> [EXERCISE DATA]:
——

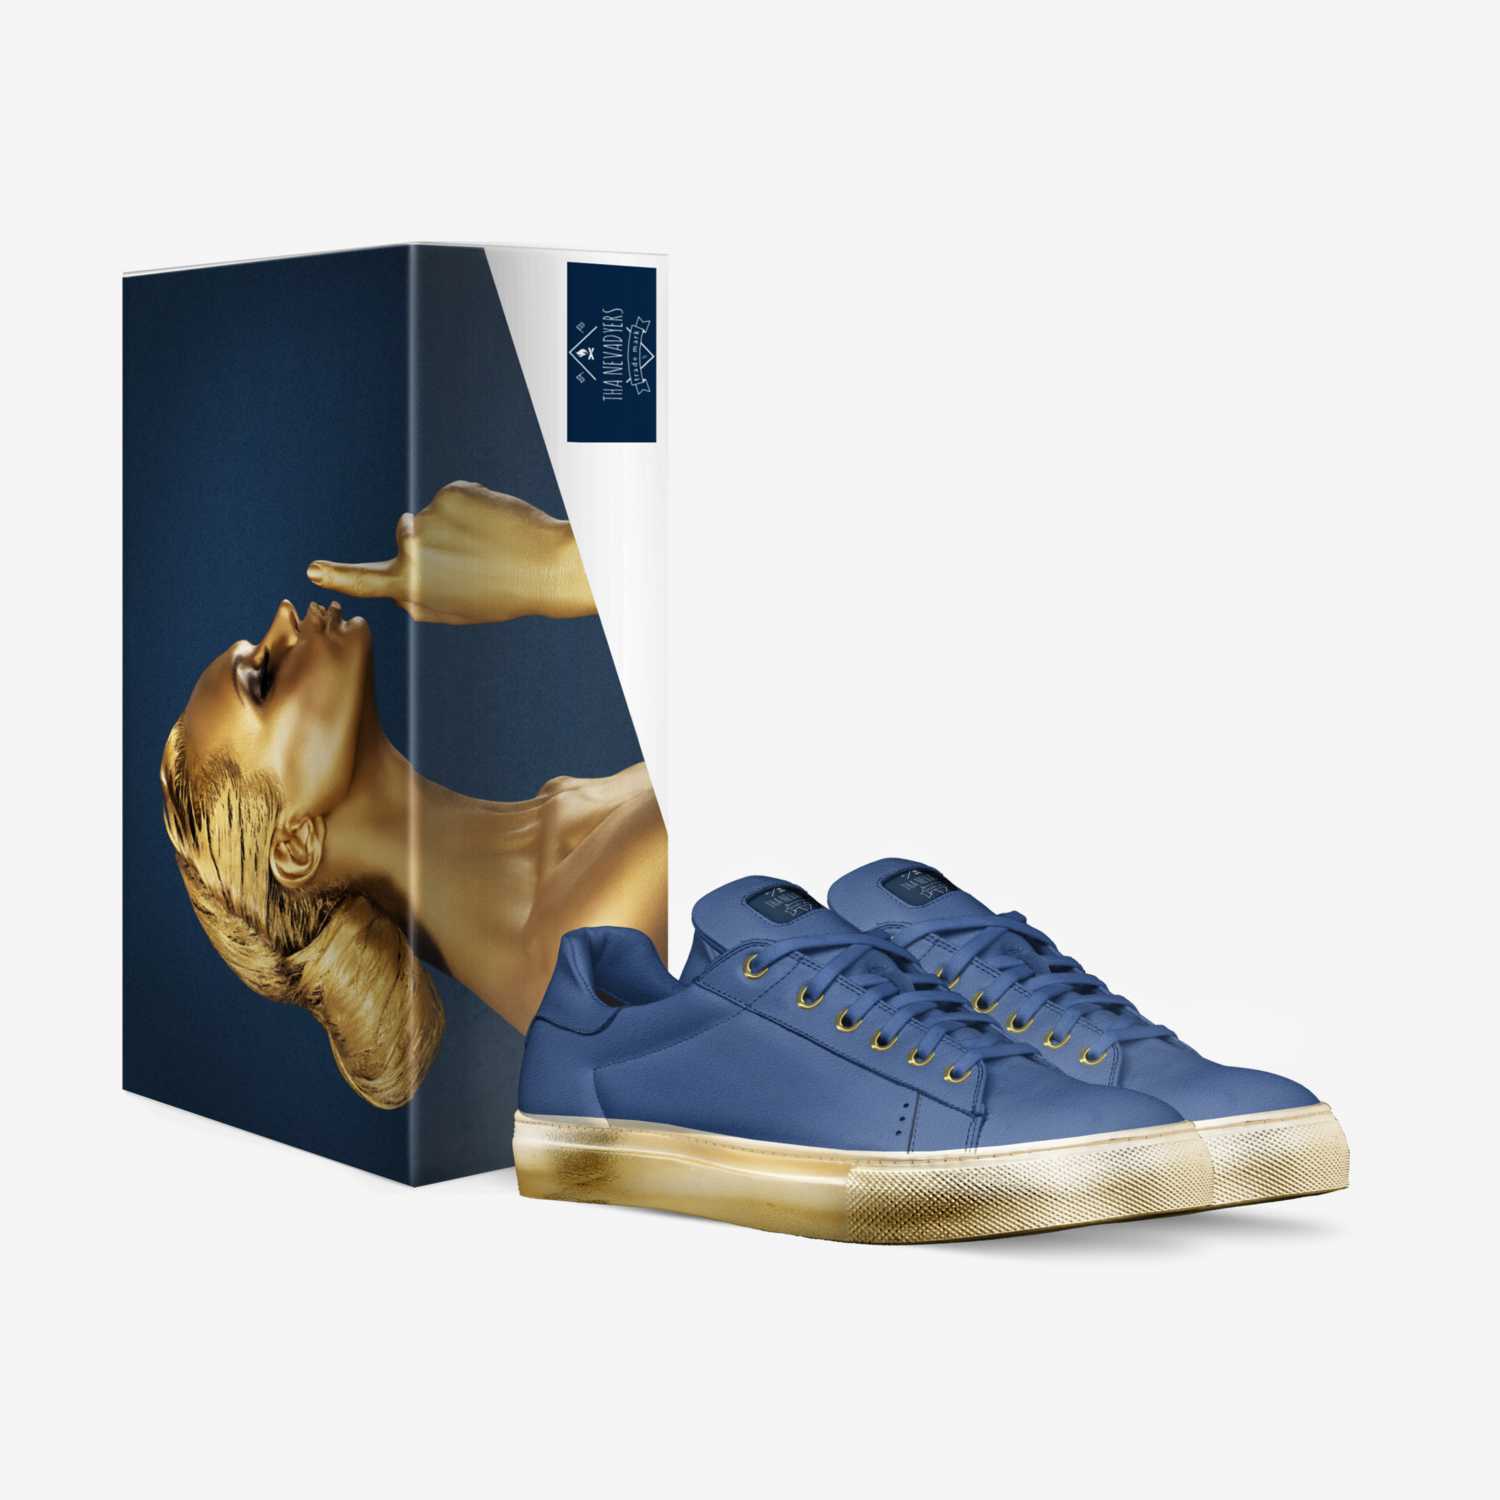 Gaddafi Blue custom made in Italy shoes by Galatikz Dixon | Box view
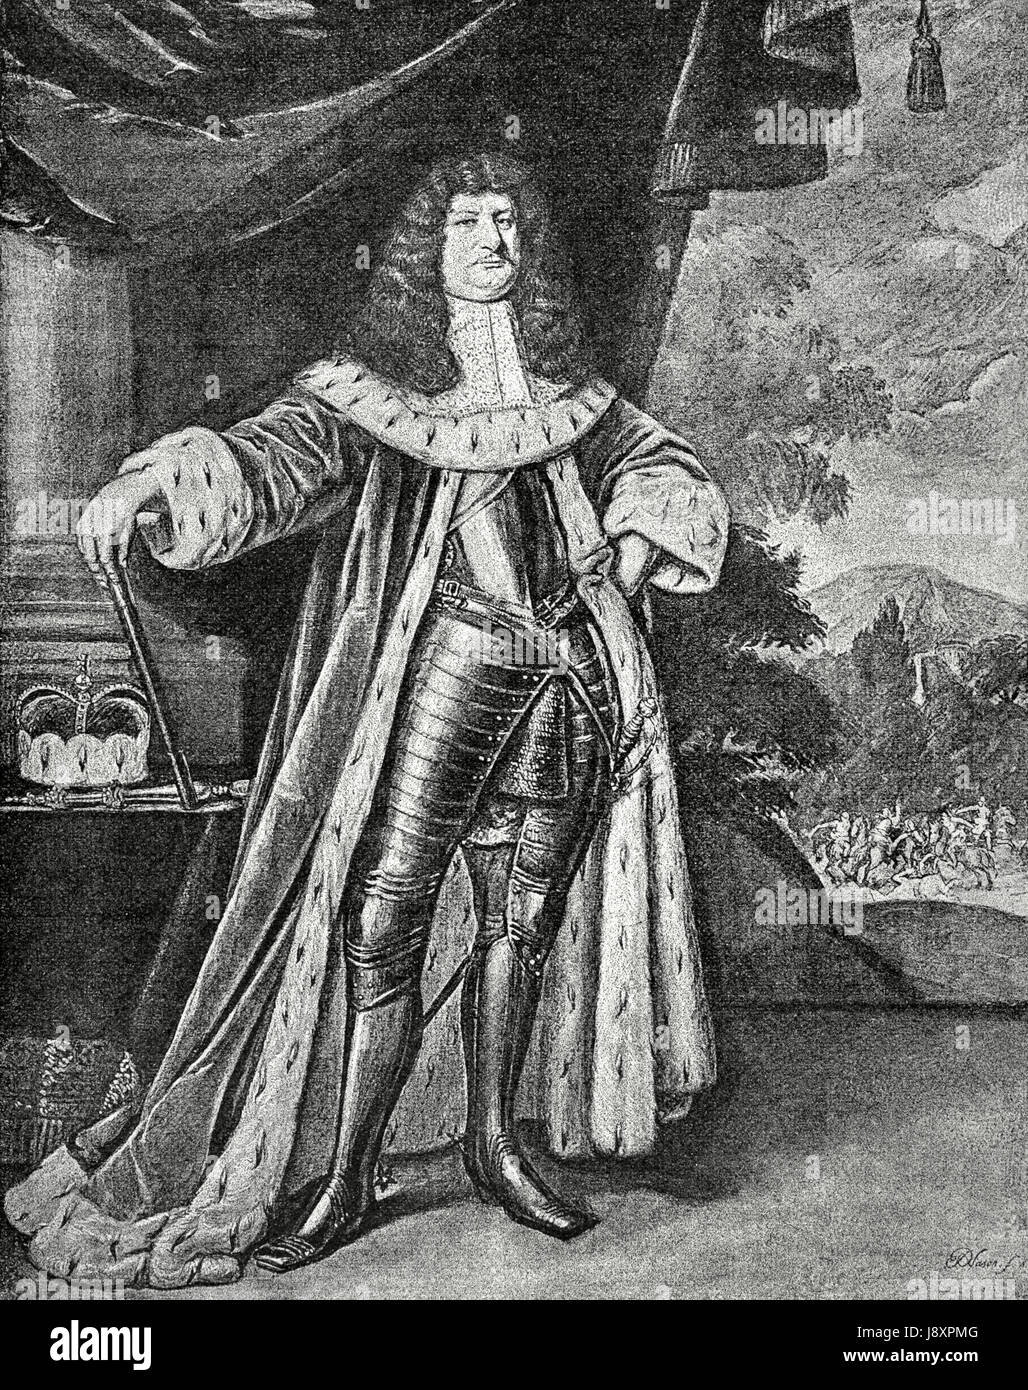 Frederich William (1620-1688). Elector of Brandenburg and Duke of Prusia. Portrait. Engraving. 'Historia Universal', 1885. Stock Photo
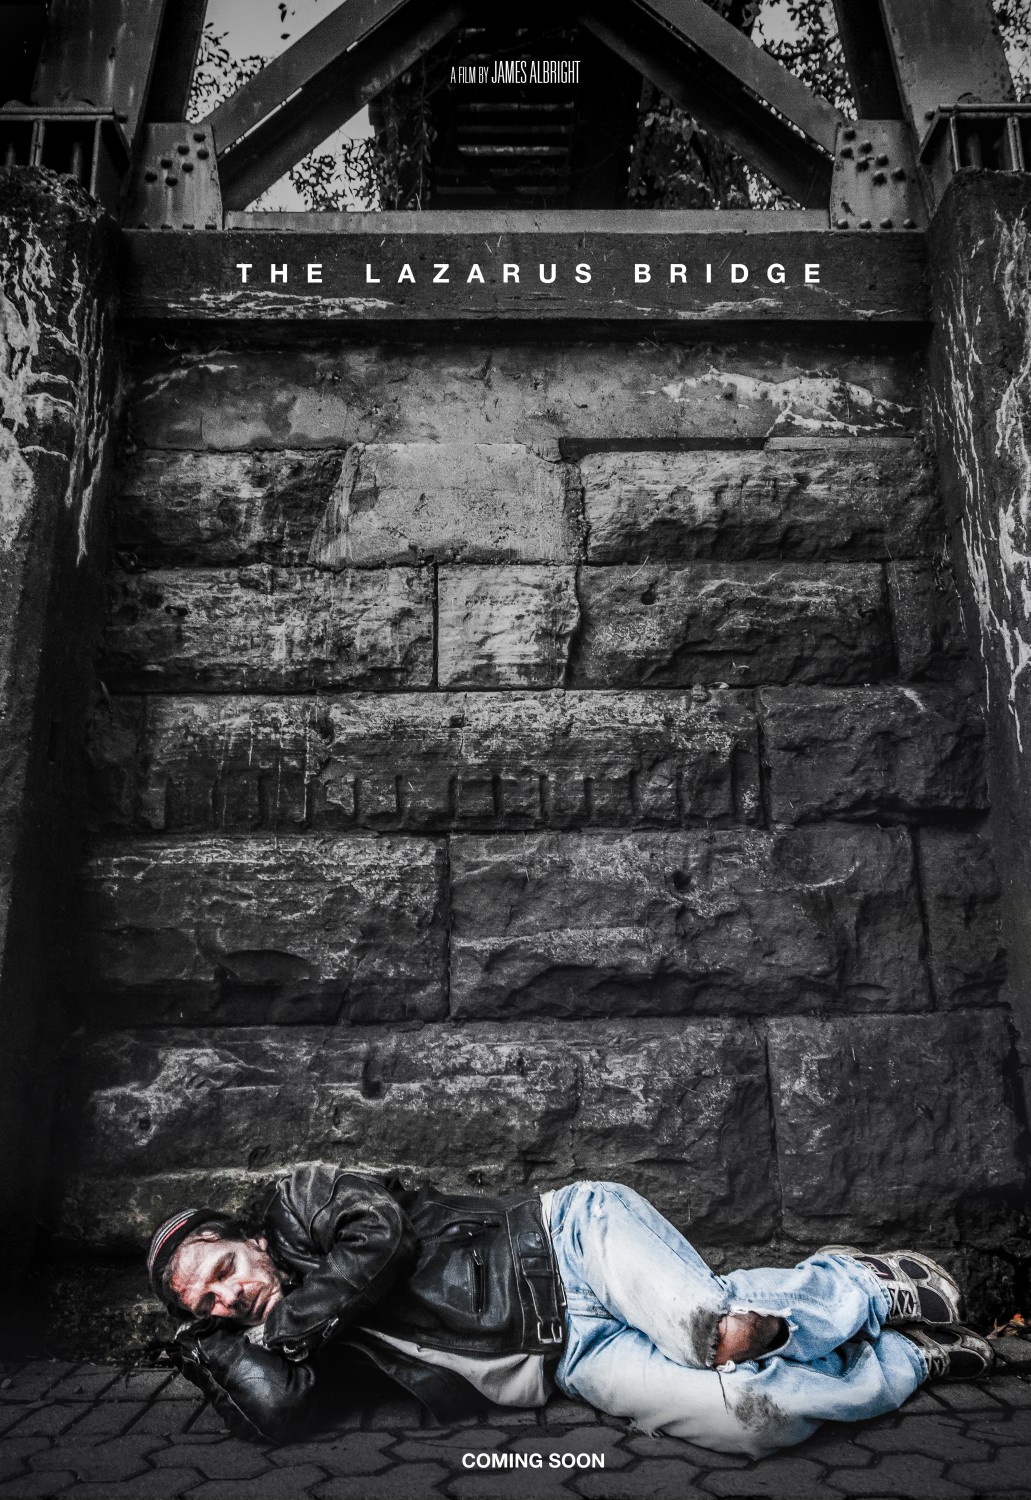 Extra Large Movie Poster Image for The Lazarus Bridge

——

> [TASK PROMPT]: Give back the listing exactly, with the pictures removed.

> [RESPONSE BELOW]:
 Gaddafi Blue custom made in Italy shoes by Galatikz Dixon | Box view
 Frederich William (1620-1688). Elector of Brandenburg and Duke of Prusia. Portrait. Engraving. 'Historia Universal', 1885. Stock Photo
 Extra Large Movie Poster Image for The Lazarus Bridge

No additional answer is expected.